The Savage(84)



*

Angus sat staring at the nightfall out a busted window of glass to his right; before him a fire burned. The structure in which he sat was worn and whittled. The walls beset by rot, mold, and the gathering of bugs, some digging, others shelled.

The fireplace was constructed of barnacled stones. A greasy iron spit sat before the bouncing of orange flames with the turning of several shapes, meat once the color of beets that had been roasted to tan, dripping and sizzling.

Angus’s arms were bound behind him by wire, a leather dog collar had been placed around his neck. A chain attached to it. The other end of the chain connected to a crooked stud of the bare wall.

Glancing over to his left at Mick, who sat beside Hershal and Withers; each was mongrel in appearance with a shaggy beard, skinny, and a loam-smeared face. Each slurped and sucked on the game, cleaning it from its bone. Before Hershal lay an axe, before Withers lay a machete.

Off from them was an open door frame, two hounds sat gnawing on the bones of what appeared to be dead cattle. Their heads black and tan, their bodies ticked of white and blue-gray with legs of caramel and powdered sugar.

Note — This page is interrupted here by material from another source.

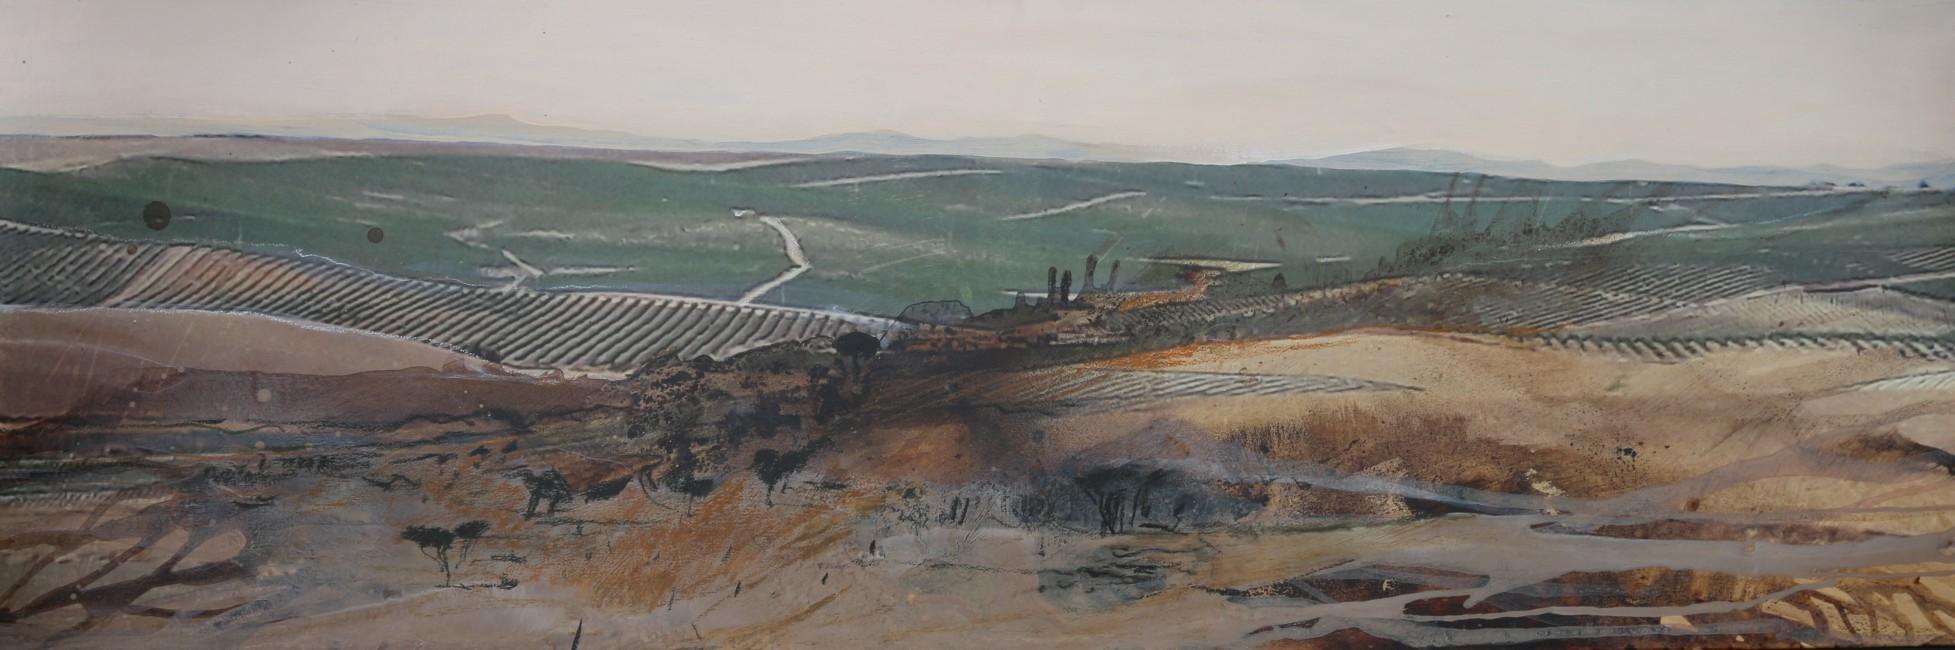 Almbauer, Gerhard_Andalusien_150 x 150 cm_Collage, Mischtechnik auf Leinwand

Blue-tick coonhounds.

Hershal dug his hand into Mick’s mess of hair, jerked at him. “Quit pigging the damn shank of tender wounded fuck.”

“Fuck you, Hershal. I eat how I wanna eat.”

“Bastard, in a moral world you’d have manners.”

Angus shook his head. Felt idiotic for falling into such a situation. He needed to get into these mongrels’ heads. Light their fused tempers, get free of them, and find medicine for Fu. He’d been hidden within Fu’s cabin, upon his acres for years. Training and learning of Asian ways. He even carried out his purpose, his test, and yet here he sat facing another.

“Manners would entail pedigree, something none of you has ever known.”

Withers looked to Angus. “No one is speaking to you, ’loper. Lucky Alcorn told us to keep you restrained or I’d give you a beatin’ you wouldn’t soon forget like the others we’ve wrangled.”

It don’t take much to fester up an inbred, Angus thought; he’d hired and worked side by side with many when running his father’s logging company, then sold crank to them after he sunk the business.

“Release me, see how long it takes to have your brain tanned like the hare you’re slopping up. I’ll show you my pecking order.”

From the dark door opening came Alcorn, the collage of tattoos about his hands. “Withers. Leave the ’loper be. He’d kill you before you could unbuckle your denim and drop a deuce.”

“We can see about that.”

“No we cain’t. He’s bloodied one, he’ll be our ticket to more food, territory, and power for our race, our color of people, to rule within the madness that is plaguing this land.”

Withers slowed the chew of meat in his mouth. “You’ve offered these declarations to all us white skins before, said that about all of those that we’ve enslaved, ain’t one brought us anything other than a hot meal and embarrassment amongst the other rural clans and colors of people.”

Alcorn looked to Angus. Dug his dirty fingertips into his chin whiskers. “This one differs. Possesses real skill.” Pausing, he questioned Angus, “Are ye a Christian?”

Angus smirked to himself, thinking this was the brains behind the band of heathens.

“Of what does it matter?”

“In these times it matters plenty.”

Angus laughed. “I find doubt in your words.”

“Why do you laugh about such a question of the beliefs from the good book and the Almighty Himself?”

Fu had taught Angus more than how to use his body as a weapon. He’d trained him to use his mind. Fighting was ten percent physical and ninety percent mental.

“That book has brought rules to govern men and women, rules that none seem to heed except when they wanna curb those rules to meet their selfish gains. You’re either weak or strong. Run in the light or slither in the dark. Falter in the rain or prosper in the shine. Like life or death, they’re cycles of nature. Positive and negative forces, it’s not about a God or deity, every man fears death, all God does is coax man’s yearn for something he can’t explain, place an ease to his fear of dying and forgiveness to his weakness and sinning.”

“Remove your tongue, nonbeliever.”

“I was learned by a man who taught the elements. The positive and negative ways of being and living. How one can outweigh the other, disrupt the natural order of life. The book you speak of has been taken out of context, twisted to make others follow another so that one can absolve himself of wrongs and live a life of hypocrisy while man, woman, and child follow his doctrine of lies.”

Withers and Hershal came from the floor. One wielding the axe, the other the machete. Hershal barked first, pistols tucked down their fronts. “Tired of your tongue, ’loper, how about I remove your head that throaty gutter you keep spilling ill words of respect from?”

Angus grimaced. “That’d be an interesting thing to see you fail at after I take that axe from your grip and break it off in your anal cavity.”

Withers pointed the machete at Angus and accused him. “You’re a goddamned Antichrist, ain’t you? Come here to fill our heads full of jargon. Mislead and defy us of our beliefs so we’d fail.”